The wrong and the very nature of Usury came to be forgotten with the great expansion of financial dealings which arose in the middle and end of the seventeenth century–that is, about 250 years ago–in Europe. In the simpler times, when commercial transactions were open and upon a comparatively small scale, and done between men who knew each other, you could pretty usually tell, as you can in private life, whether a loan were a loan required for a productive or an unproductive purpose. The burden of proof lay upon the lender. It was no excuse in lending a man money to say: “I did not know what he wanted to do with it, so I charged him 10 percent, thinking that very probably he was going to use it productively.” The courts of justice would not admit such a plea, and they were quite right. For under the simple conditions of the old days the judge would answer: “It was your business to know. A man does not come borrowing money unless he is in either personal necessity or has some productive scheme for which he wants to use the money. If you thought it was a productive scheme you would certainly have asked him about it in order to share the profits, and that fact that you did not trouble to find out whether it were productive or no shows that you are indifferent to the wrong of usury, and iwlling to do that wrong under the pretence that it was not your business to inquire.”

The attitude of the law on money-lending in the old days was very much what it is today with regard to certain poisonous chemicals which may be used well or ill. The seller of those chemicals has to ask what they are going to be used for, and is responsible if he fails to inquire. In the same way the old Christian law said a lender was bound to find out if his loan were intended for production or not. If the law had not done this, then usury would have been universal and would have eaten up the State, to the profit of the few people who lent out their money: as it is doing now.

But as trade became more and more complicated and much larger and lost its personal character, as the Banking System arose on a large scale and great companies with any number of shareholders,–when, indeed, most lenders could not know for what their money was being lent, but only that they had put it into some financial institution with the object of fructifying it–then the opportunity for usury came in, and it soon permeated all commerce.
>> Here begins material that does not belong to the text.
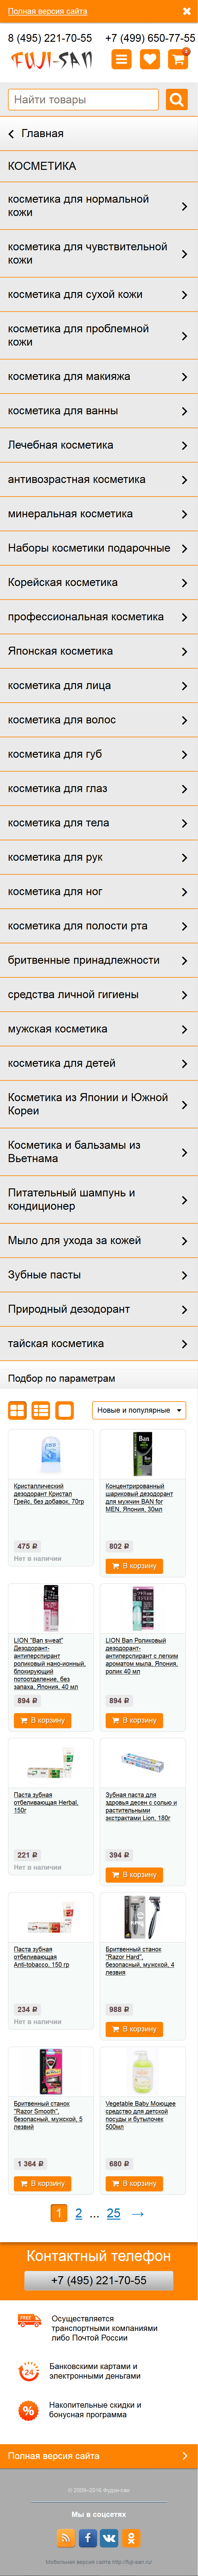 Страница категории сайта после внедрения нового дизайна для мобильной версии

Suppose a man today, for instance, to put money into an Insurance Company. It pays him, let us say, 5 percent interest on his money. He does not know, and cannot know–no one can know–exactly how that particular bit of money is being used. It is merged in the whole lump of the funds the Insurance Company has to deal with. A great deal of it will be used productively. It will go to the purchase of steam engines and stores of food, ships, and so on, which in use increase the wealth of the world; and the money spent in buying these things has a perfect right to profit and does no harm to anyone by taking profit. But a certain proportion will be used unproductively. The original investor knows nothing about that, and even the managers of the company know nothing about it.

A client comes to them and says: “I want a loan of a thousand pounds.” They are quite unable, under modern conditions, to go into an examination of what he is going to do with it. He gives security and gets his loan. He may be a man in distress who gets it in order to pay his debts, or he may be a man who is going to start a business. The company cannot go into that. It has to make a general rule of so much interest upon what it lends, under the implied supposition, of course, that the loan is normally productive. But the borrower can use it unproductively, and often does and intends to do so.

Thus, with a very large volume of impersonal business, the presence of usury is inevitable. But though inevitable, and though therefore the practice of it, being indirect and distant, cannot be imputed to this man or that, usury inevitably produces its disastrous effects, and the modern world is at last coming to feel those effects very sharply.

A few pence lent out at usury some twenty centuries ago would amount now, at compound interest, to more wealth than there is in the whole world; which is a sufficient proof that usury is unjust and, as a permanent trade method, impossible.

The large proportion of usurious payments which are now being made on account of the impersonal and indirect character of nearly all transactions, is beginning to lay such a burden upon the world as a whole that there is danger of a breakdown.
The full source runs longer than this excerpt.